Information supplied »
______________________________

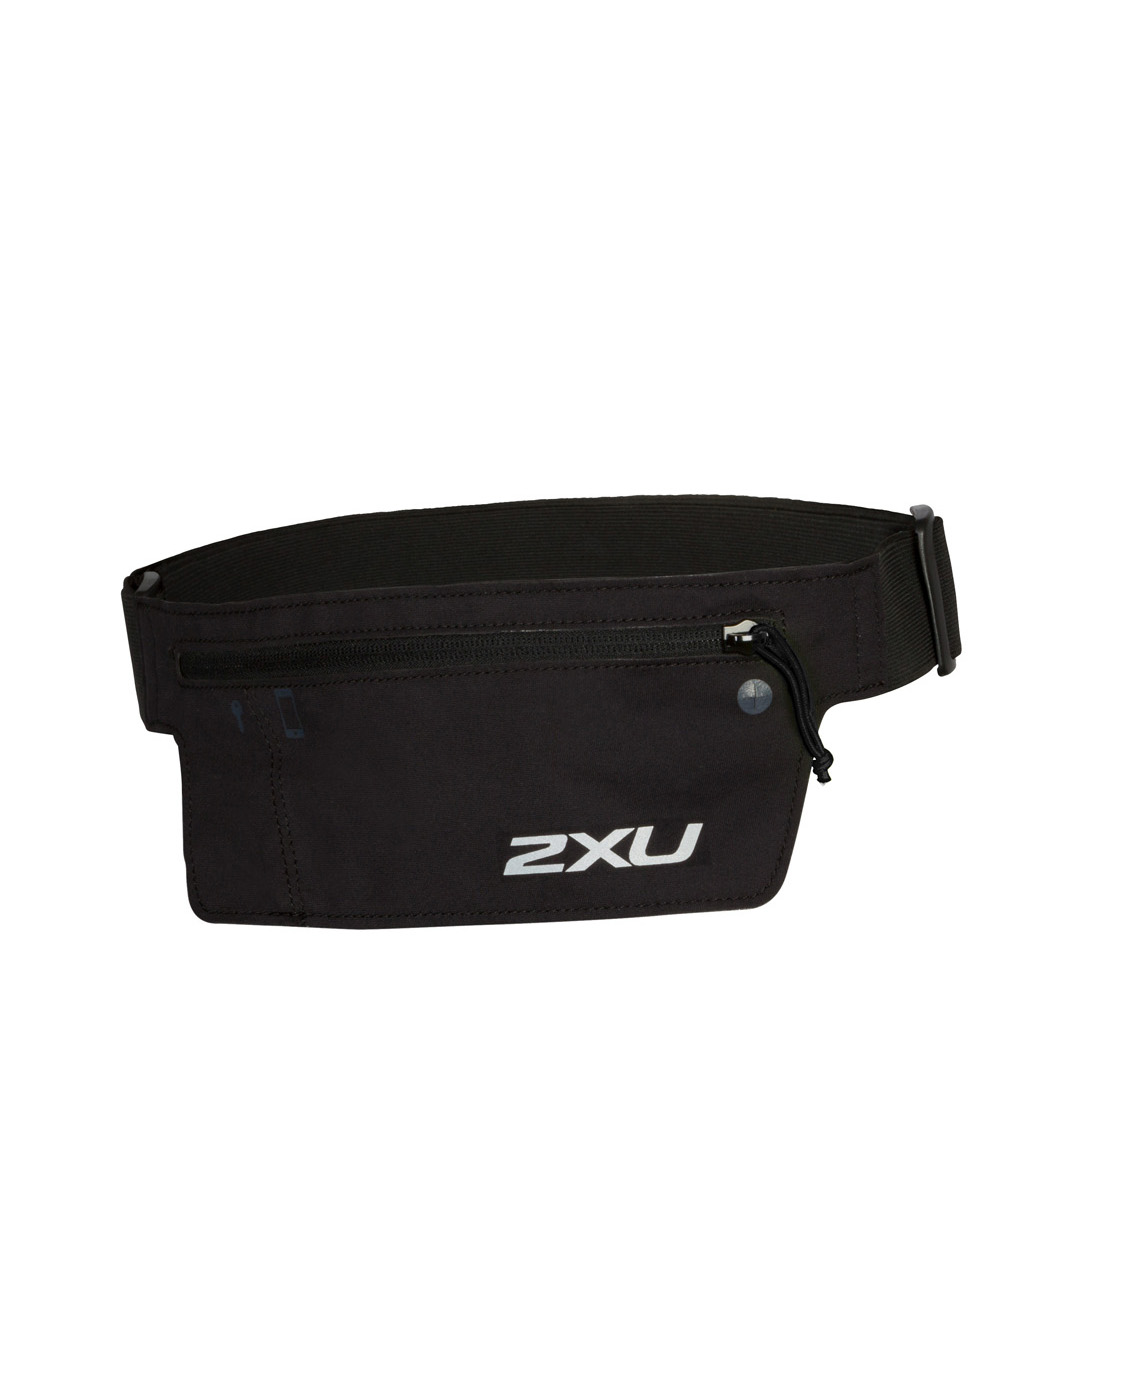 2XU Unisex Run Belt - Black/Black
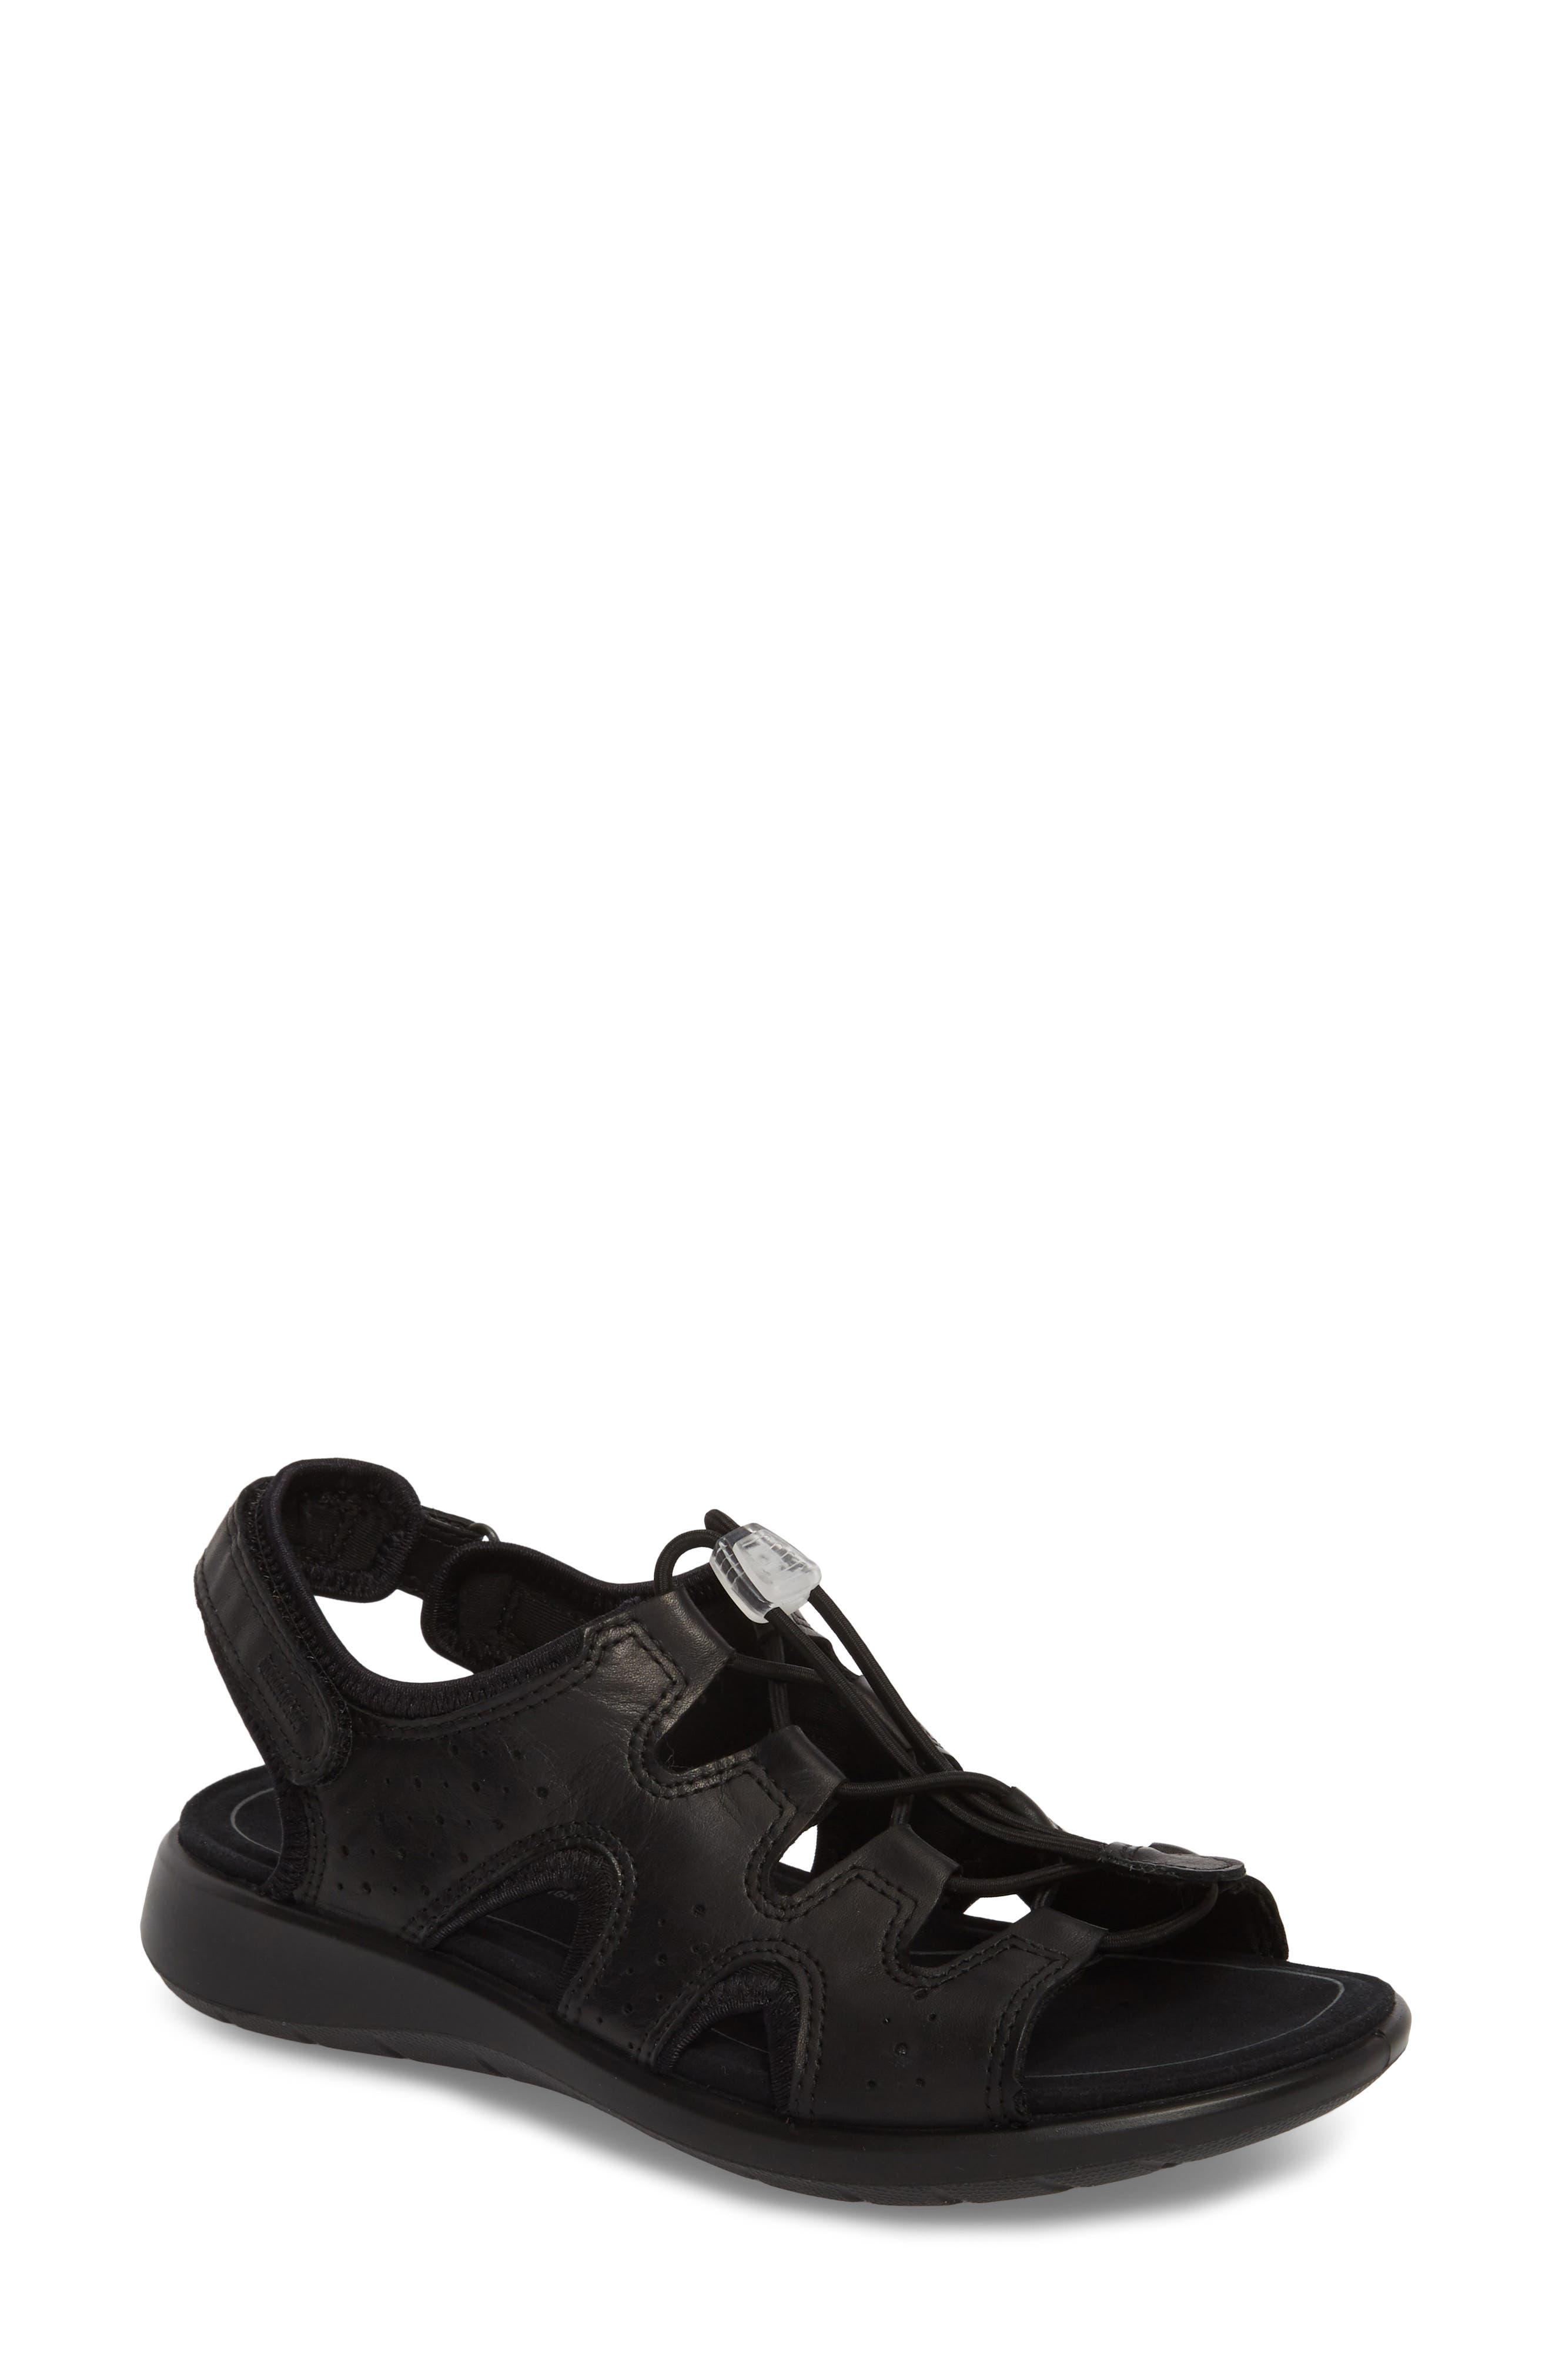 Bluma Toggle Sandal,                             Main thumbnail 1, color,                             Black Leather
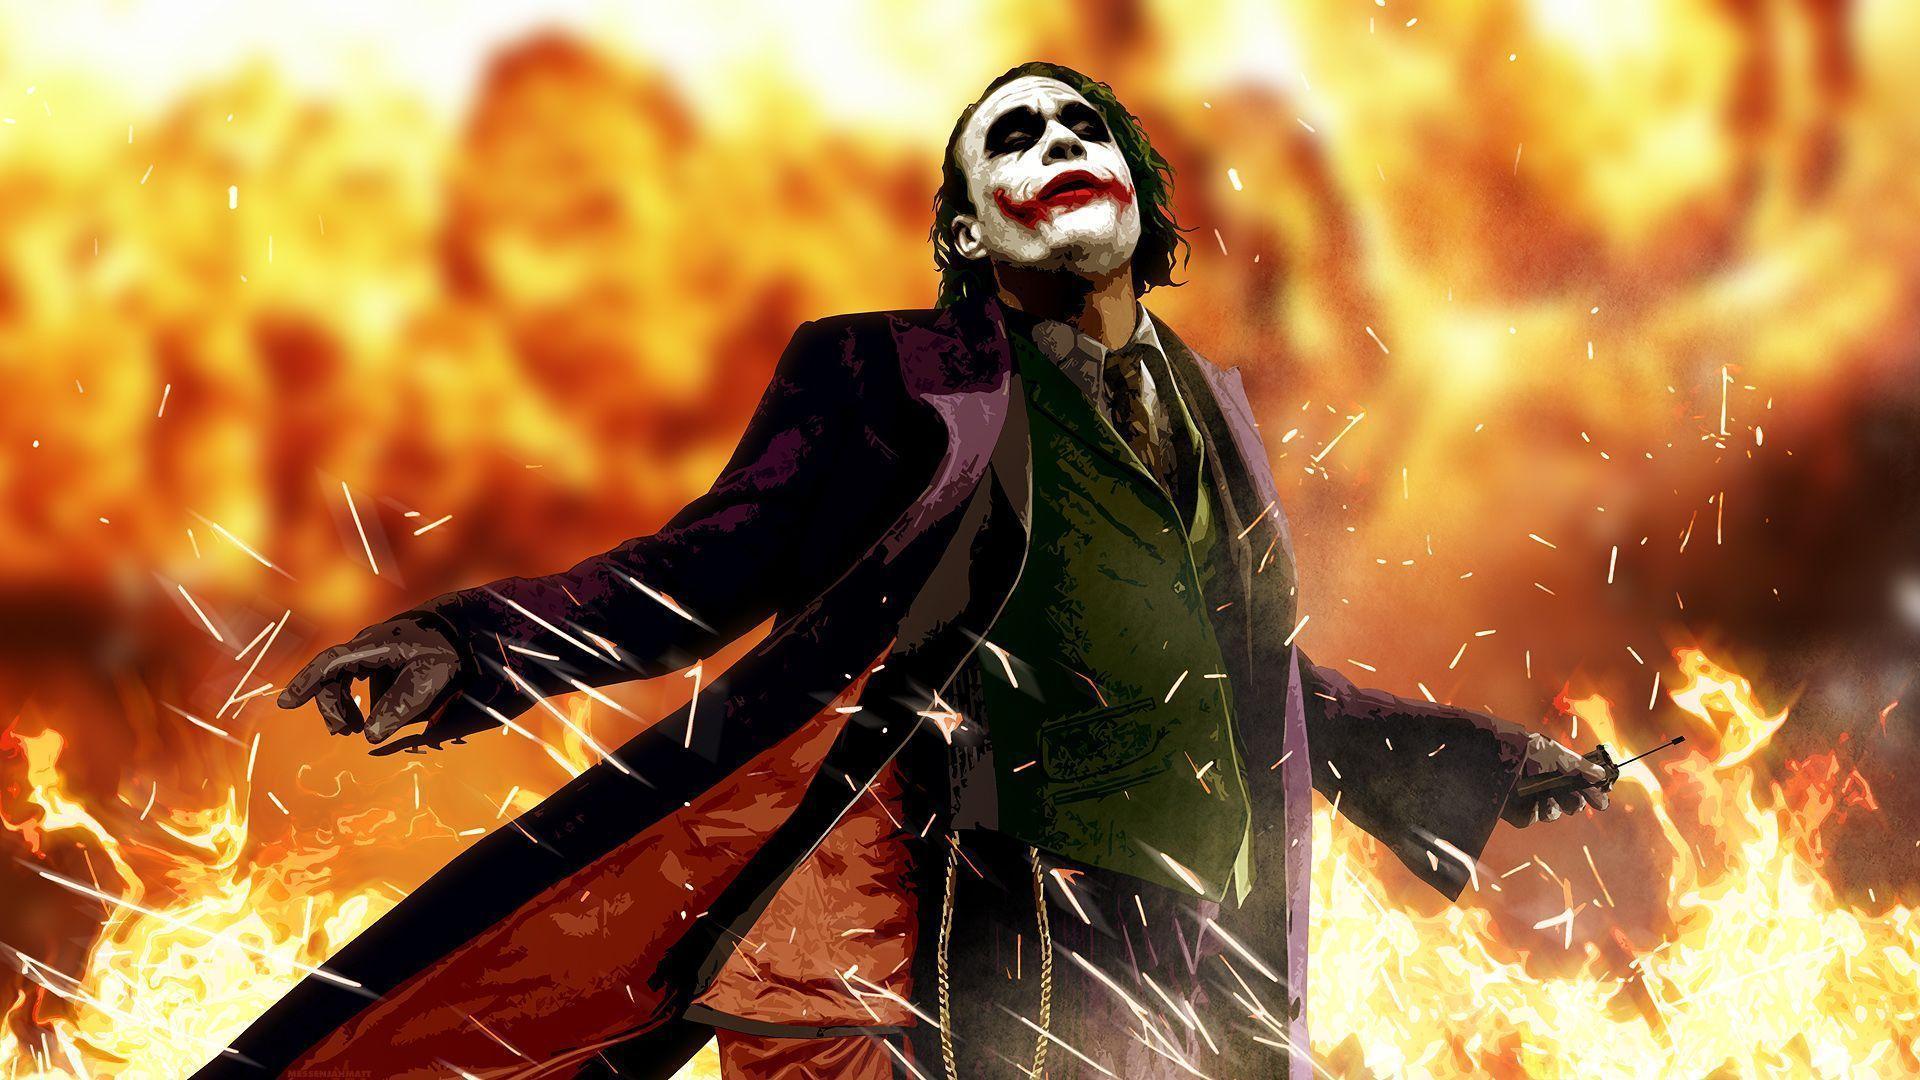 Joker Wallpapers Wallpaper Cave

______________________________

Assigned task » Since pictures are not part of the copy, set down only the remaining data exactly.

Your solution »
 2XU Unisex Run Belt - Black/Black
 Bluma Toggle Sandal,                             Main thumbnail 1, color,                             Black Leather
 Joker Wallpapers Wallpaper Cave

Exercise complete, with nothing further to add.